§ Data supplied
● ● ● ● ●
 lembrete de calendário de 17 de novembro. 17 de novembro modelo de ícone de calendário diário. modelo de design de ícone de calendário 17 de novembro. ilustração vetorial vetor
● ● ● ● ●
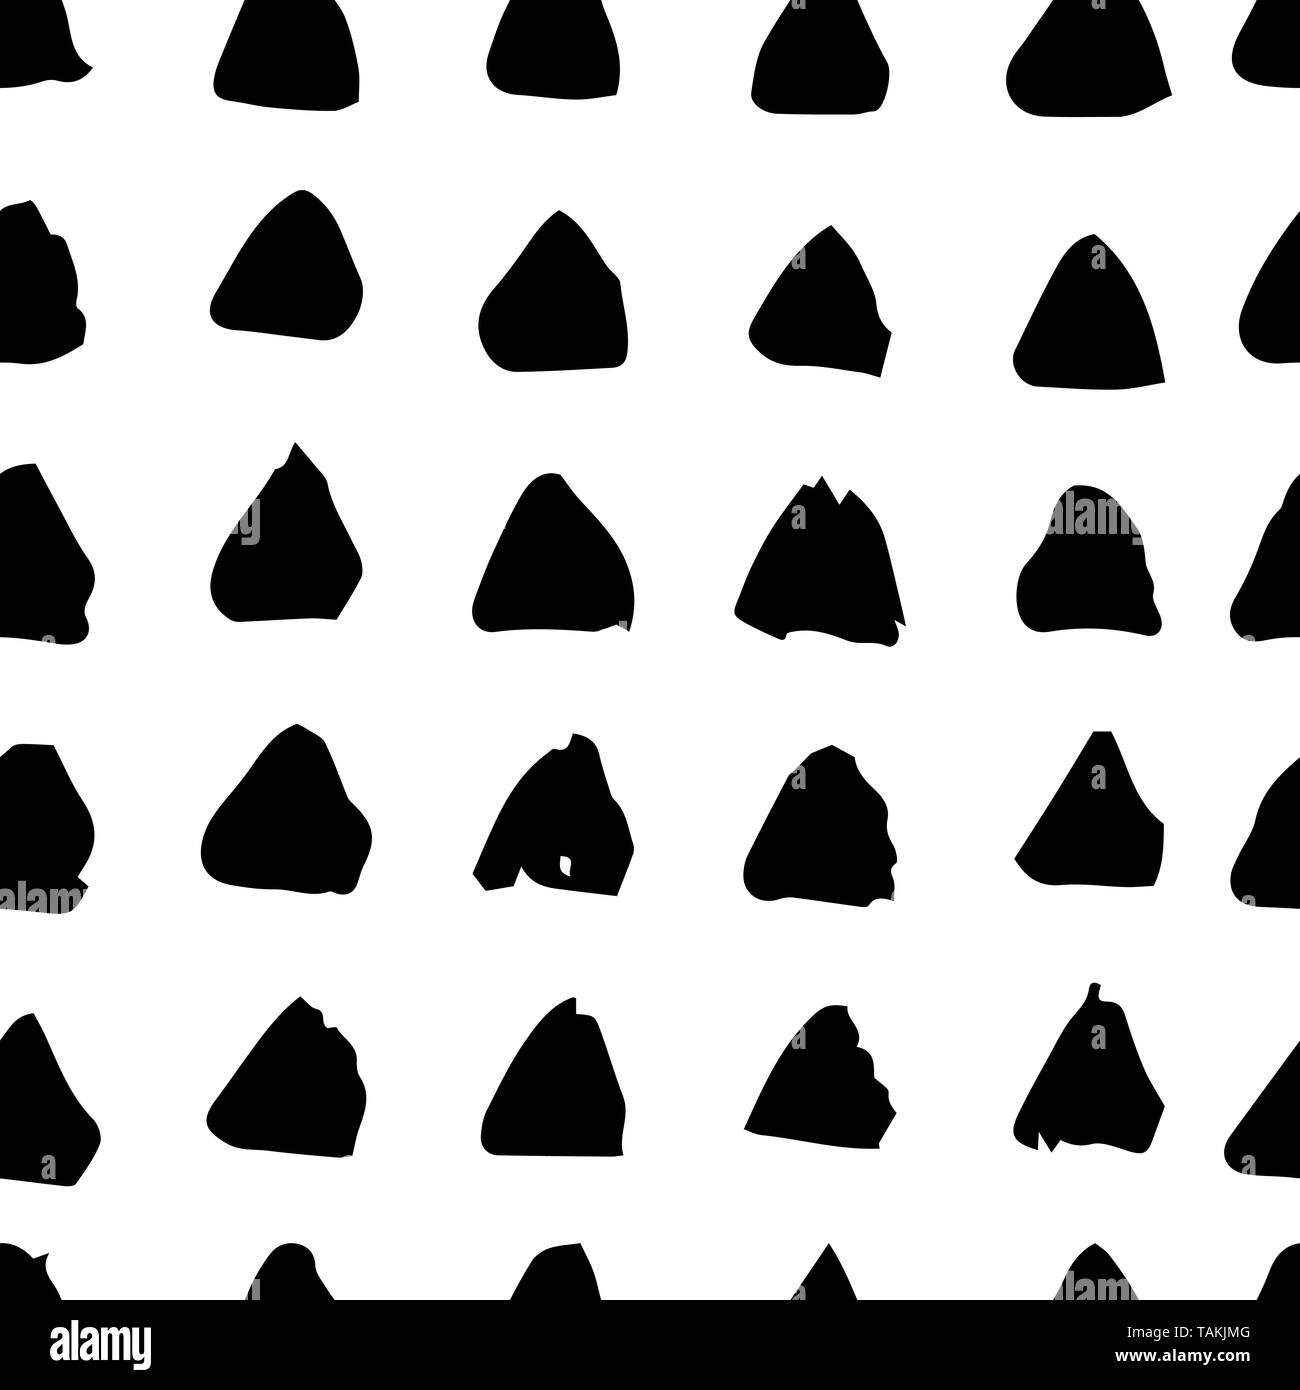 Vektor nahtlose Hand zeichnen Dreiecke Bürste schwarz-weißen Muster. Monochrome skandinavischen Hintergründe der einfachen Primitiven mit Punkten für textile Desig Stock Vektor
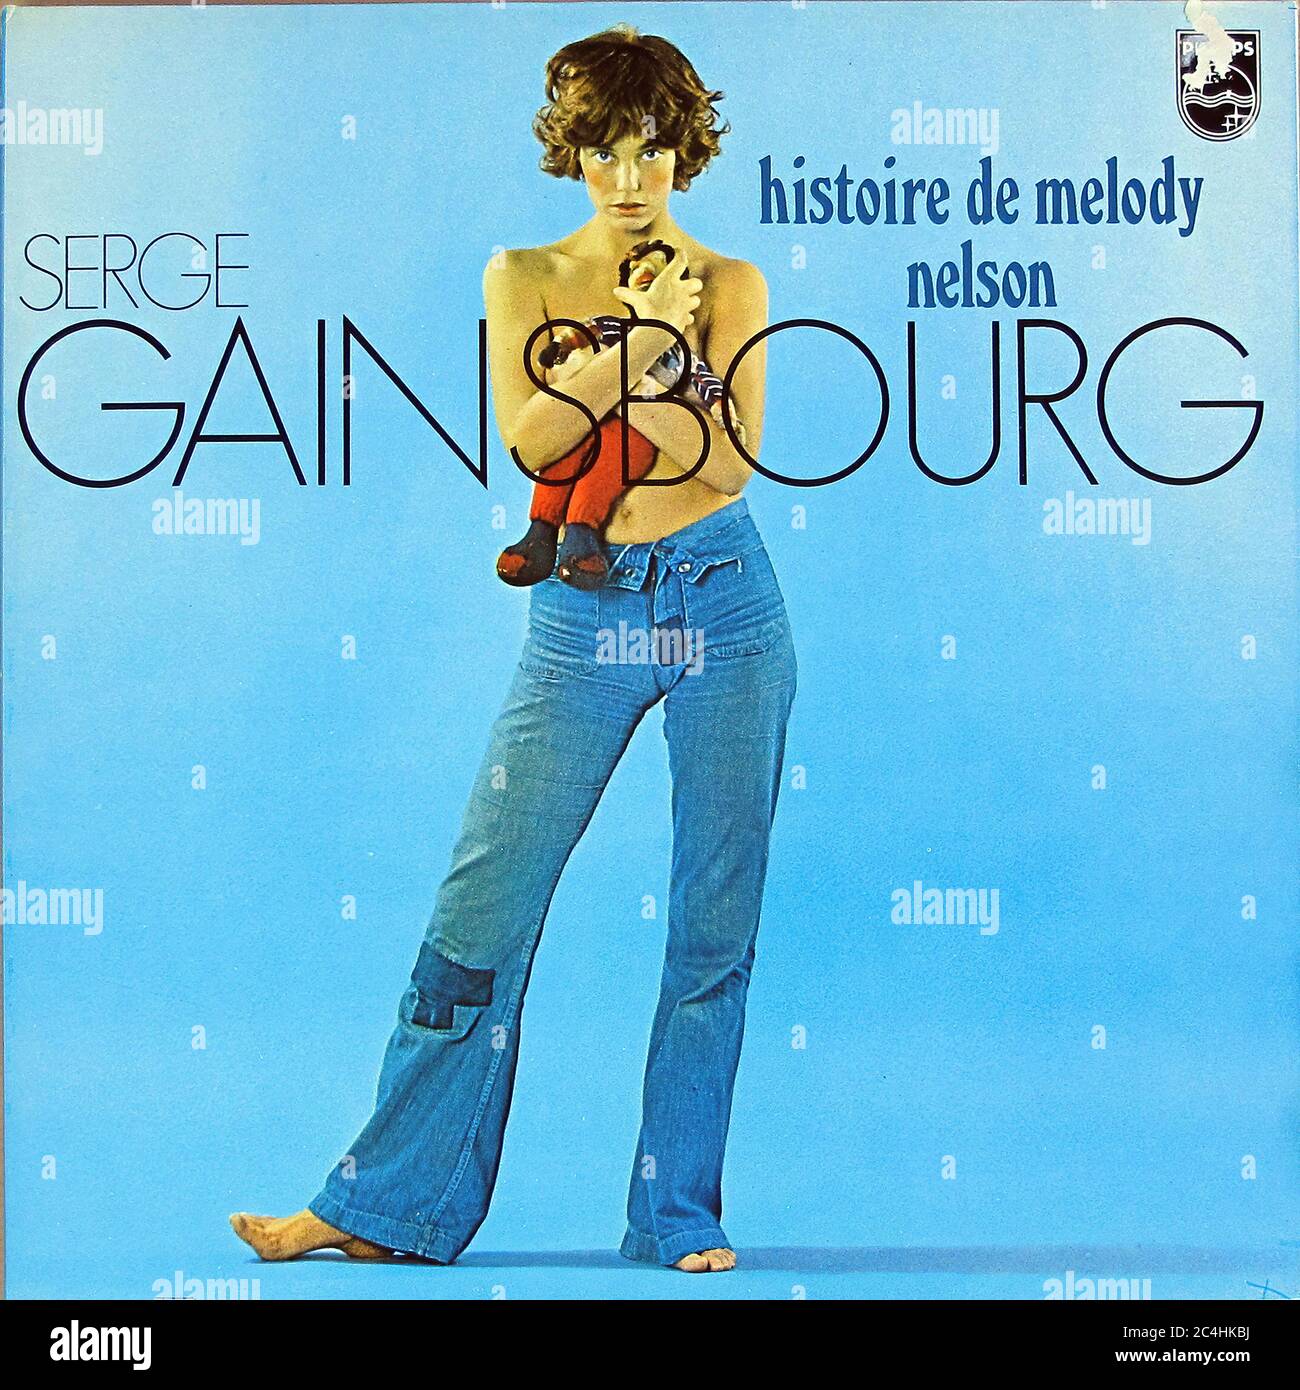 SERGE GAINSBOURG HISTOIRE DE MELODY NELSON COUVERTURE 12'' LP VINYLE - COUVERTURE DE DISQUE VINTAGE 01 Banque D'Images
● ● ● ● ●
§ What is required
Your task is to copy only the lines above starting at the one containing "Vektor nahtlose Hand" and ending at the one containing "SERGE GAINSBOURG HISTOIRE". Copy them exactly, both ends included, and omit the pictures.

§ Solution to the problem
 Vektor nahtlose Hand zeichnen Dreiecke Bürste schwarz-weißen Muster. Monochrome skandinavischen Hintergründe der einfachen Primitiven mit Punkten für textile Desig Stock Vektor
 SERGE GAINSBOURG HISTOIRE DE MELODY NELSON COUVERTURE 12'' LP VINYLE - COUVERTURE DE DISQUE VINTAGE 01 Banque D'Images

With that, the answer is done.